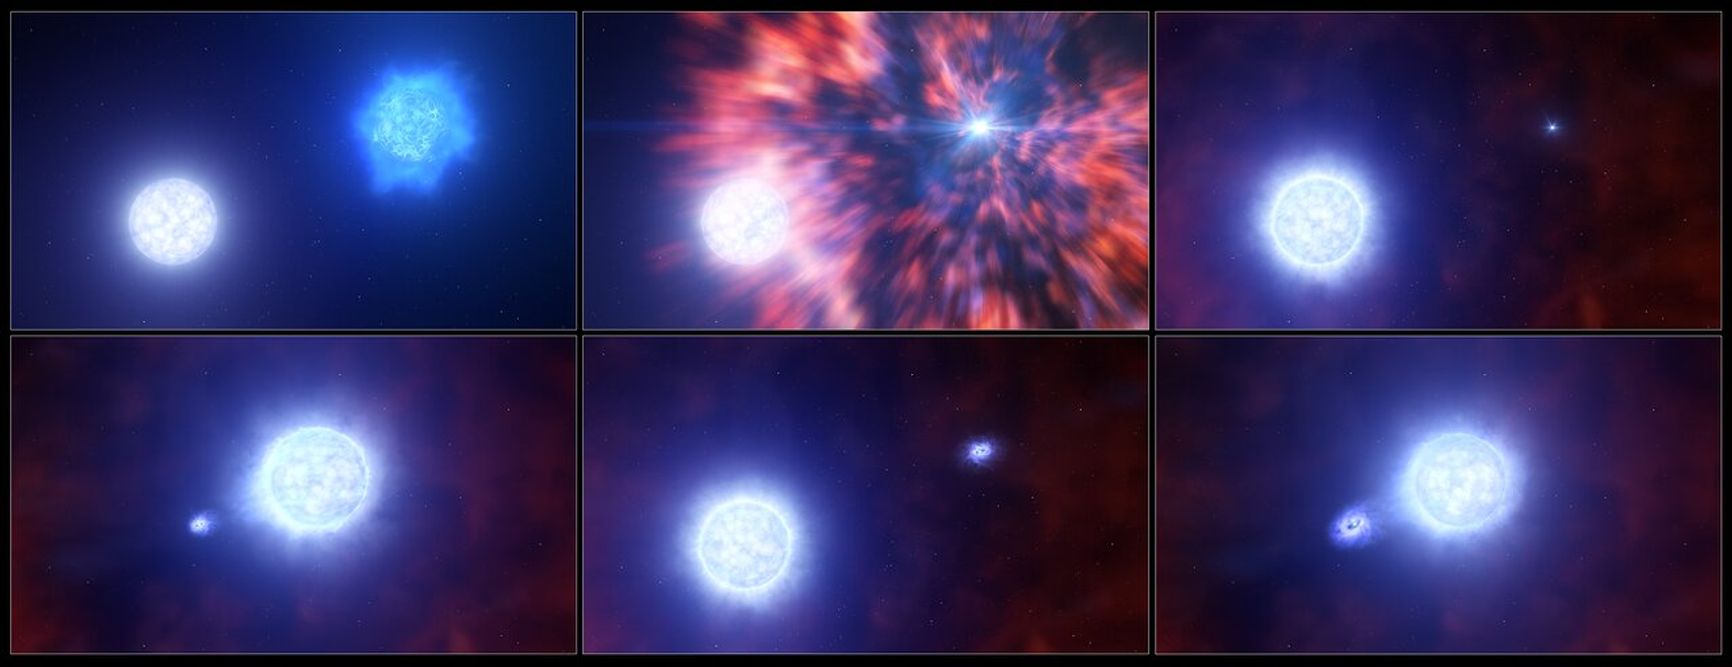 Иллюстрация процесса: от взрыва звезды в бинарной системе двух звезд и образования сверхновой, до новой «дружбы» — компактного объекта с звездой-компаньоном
***
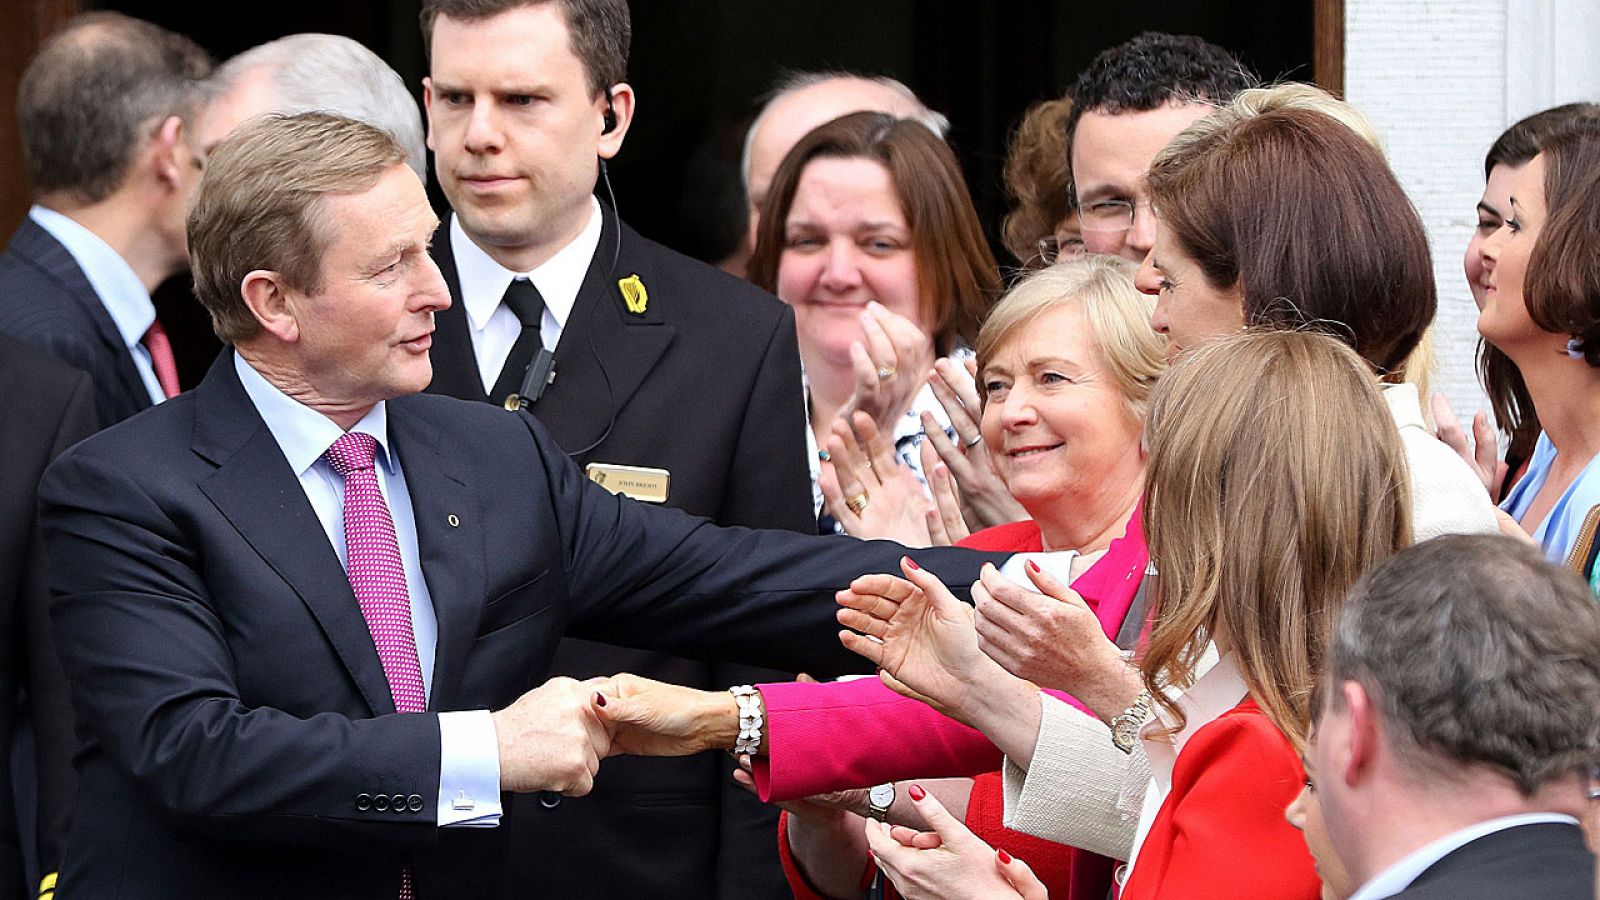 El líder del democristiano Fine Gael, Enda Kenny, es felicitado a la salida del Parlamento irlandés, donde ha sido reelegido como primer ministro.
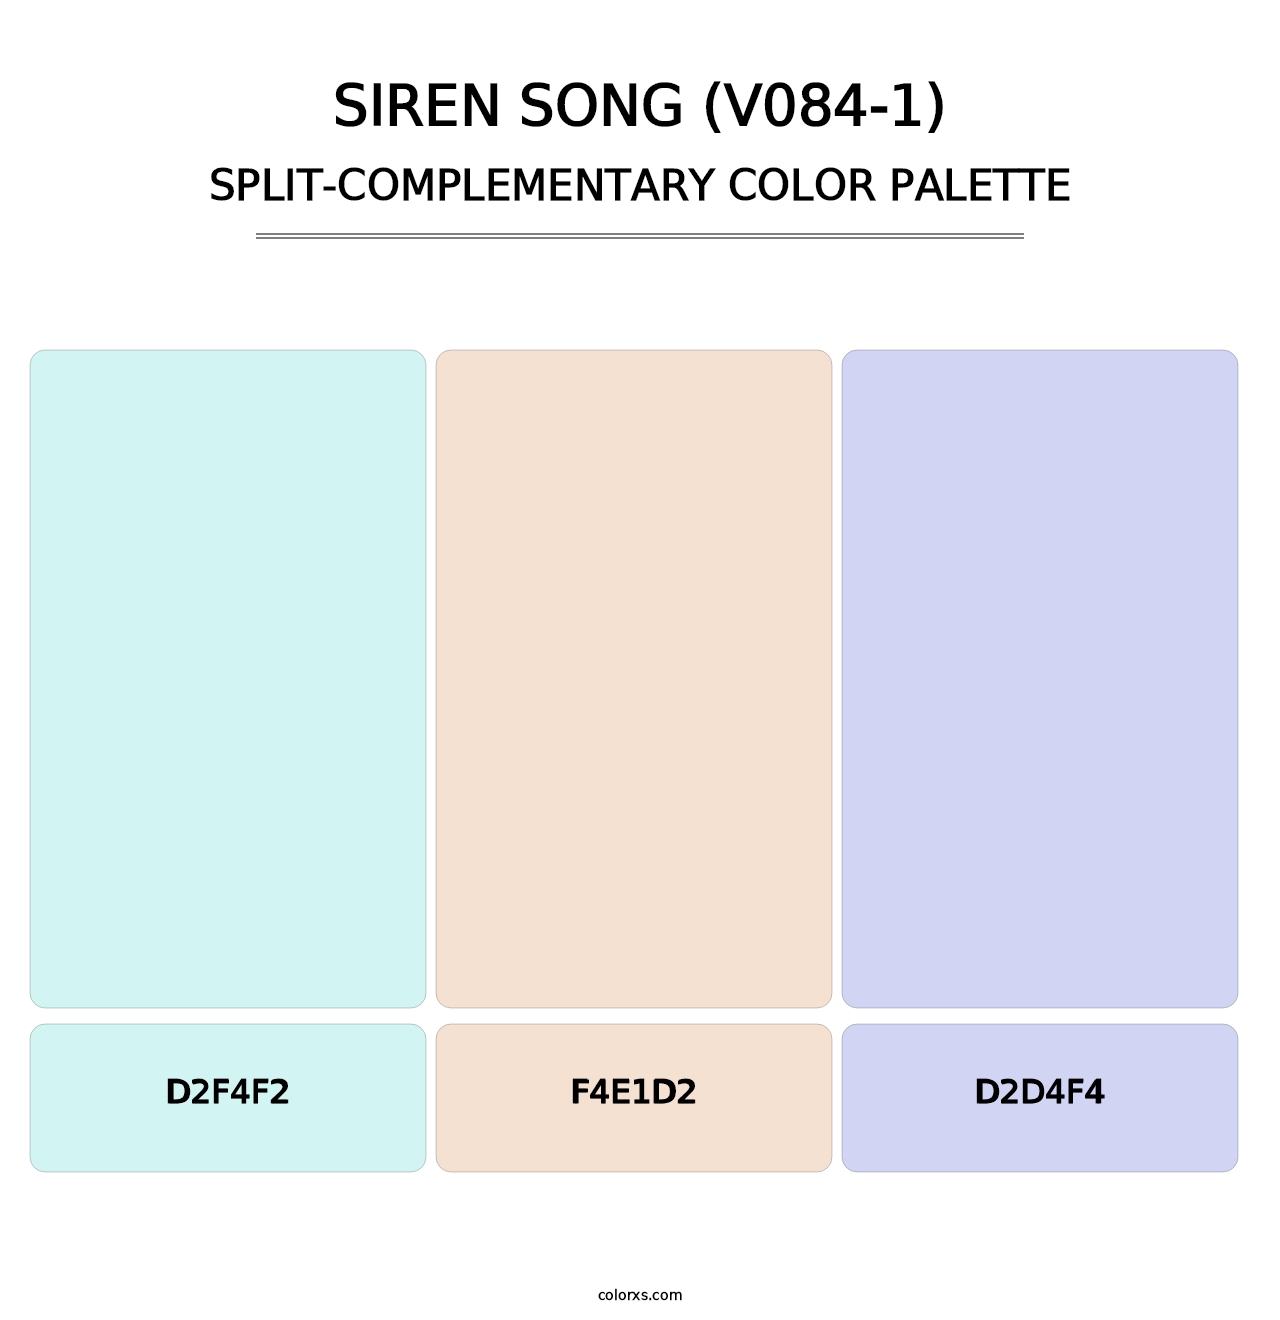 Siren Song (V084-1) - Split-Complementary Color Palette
***
- **Exercise objective**
After locating "El líder del" and "Siren Song (V084-1)" in the records above, return exactly the line holding each one and every line between them; leave out the pictures.

- **Worked solution**
 El líder del democristiano Fine Gael, Enda Kenny, es felicitado a la salida del Parlamento irlandés, donde ha sido reelegido como primer ministro.
 Siren Song (V084-1) - Split-Complementary Color Palette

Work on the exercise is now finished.